The virtual machine can always depend on method table offsets when it has a reference of a class type (a CONSTANT_Methodref_info entry). If the sayHello() method appears in offset seven in class Dog, it will appear in offset seven in any subclass of Dog. The same is not true, however, if the reference is of an interface type (a CONSTANT_InterfaceMethodref_info entry). With direct references to instance methods accessed through an interface reference there is no guaranteed method table offset. Consider the method table for class Cat, shown in Figure 8-4.

Figure 8-4. The method table for class Cat.

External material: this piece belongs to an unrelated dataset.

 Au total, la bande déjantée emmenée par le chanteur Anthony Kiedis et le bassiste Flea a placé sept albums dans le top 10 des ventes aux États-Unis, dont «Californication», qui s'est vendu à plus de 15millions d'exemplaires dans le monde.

Note that both Cat and CockerSpaniel implement the Friendly interface. A variable of type Friendly could hold a reference to a Cat object or a CockerSpaniel object. With that reference, your program could invoke sayHello() or sayGoodbye() on a Cat, a CockerSpaniel, or any other object whose class implements the Friendly interface. The Example4 application demonstrates this:

// On CD-ROM in file linking/ex4/Example4.java
class Example4 {

    public static void main(String[] args) {

        Dog dog = new CockerSpaniel();

        dog.sayHello();

        Friendly fr = (Friendly) dog;

        // Invoke sayGoodbye() on a CockerSpaniel object through a
        // reference of type Friendly.
        fr.sayGoodbye();

        fr = new Cat();

        // Invoke sayGoodbye() on a Cat object through a reference
        // of type Friendly.
        fr.sayGoodbye();
    }
}

In Example4, local variable fr invokes sayGoodbye() on both a CockerSpaniel object and a Cat object. The same constant pool entry, a CONSTANT_InterfaceMethodref_info entry, is used to invoke this method on both objects. But when the virtual machine resolves the symbolic reference to sayHello(), it can't just save a method table offset and expect that offset to always work in future uses of the constant pool entry.

The trouble is that classes that implement the Friendly interface aren't guaranteed to have a common superclass that also implements Friendly. As a result, the methods declared in Friendly aren't guaranteed to be in the same place in all method tables. If you compare the method table for CockerSpaniel against the method table for Cat, for example, you'll see that in CockerSpaniel, sayHello()'s pointer occupies offset 11. But in Cat, sayHello() occupies offset 12. Likewise, CockerSpaniel's sayGoodbye() method pointer resides in offset 12, but Cat's sayGoodbye() method pointer resides at offset 13.

Thus, whenever the Java virtual machine invokes a method from an interface reference, it must search the method table of the object's class until it finds the appropriate method. This is why invoking instance methods on interface references can be significantly slower than invoking instance methods on class references. Virtual machine implementations can attempt to be smart, of course, about how they search through a method table. For example, an implementation could save the last index at which they found the method and try there first the next time. Or an implementation could build data structures during preparation that help them search through method tables given an interface reference. Nevertheless, invoking a method given an interface reference will likely be to some extent slower than invoking a method given a class reference.